After Salt Creek, I spied three backpackers. One was definitely the 6'5" #%#%#. When I approached I overheard a story. "Then there was that time I was physically removed from a Vegas casino. I guess I was doing too good a job at counting cards. Hey! I was only up $5,000 on the House!" 

He was surprised to see me. "You are moving well! I'll try to keep up with you." 

"Don't sweat it. No worries. Walk your own pace. I'm still lit up from the coffee. Enjoy your day. See you at Bright Angel."

My caffeine fix expired at Indian Gardens. There was still five miles to go. My pace became a relaxed mosey, with food and water breaks along the way. 

On the Colorado River trail, I saw the familiar sight of the iconic Silver and Black bridges. I'm sure I was grinning.
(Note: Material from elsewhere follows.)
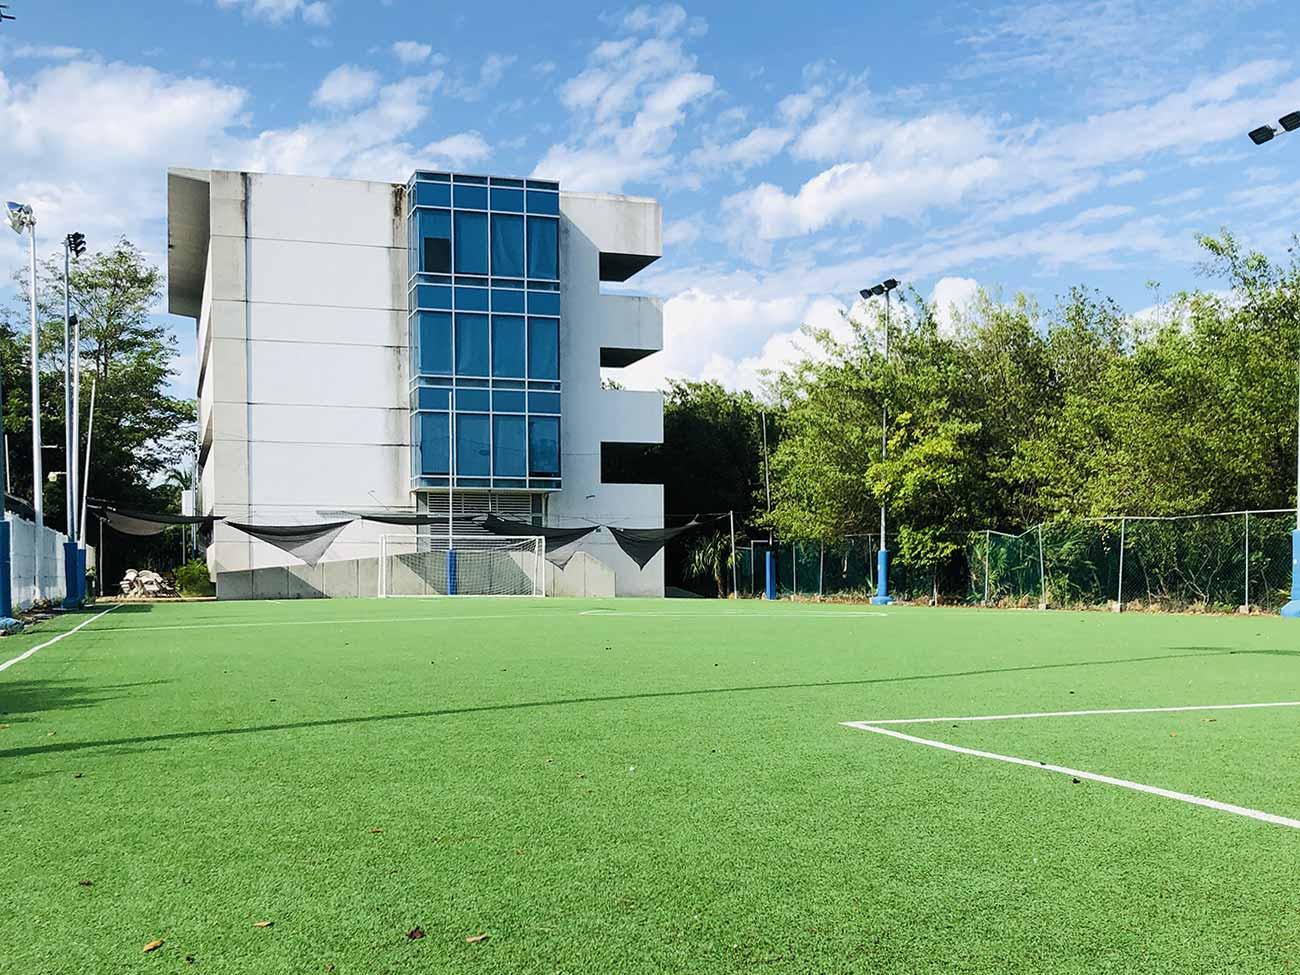 Cancha de Fútbol y Edifico de Primaria

Once in camp, I found a suitable campsite and went to work on a bagel and cheese snack. A few minutes later, #%#%# strode in.

I nodded and said, "Long day. Strong work. I'm glad we're done." 

"I dunno. I could've taken a break and been good for another five-ten miles."

I know I let out a audible sigh. There's no topping a STAN.

But Hey! It's the Grand freaking Canyon! It takes more than a STAN to muddle the experience. Besides, I was still hanging with my Bro from another Mo and his amazing family. All is good in the world (except I'm sick again!")

Moral of the blog? Don't be a backpacking blowhard. 

Cheers from windy Kanab, UT,
It's an R&R day to try to get over this latest bout of sinuous infection. Yes, I'm on drugs too.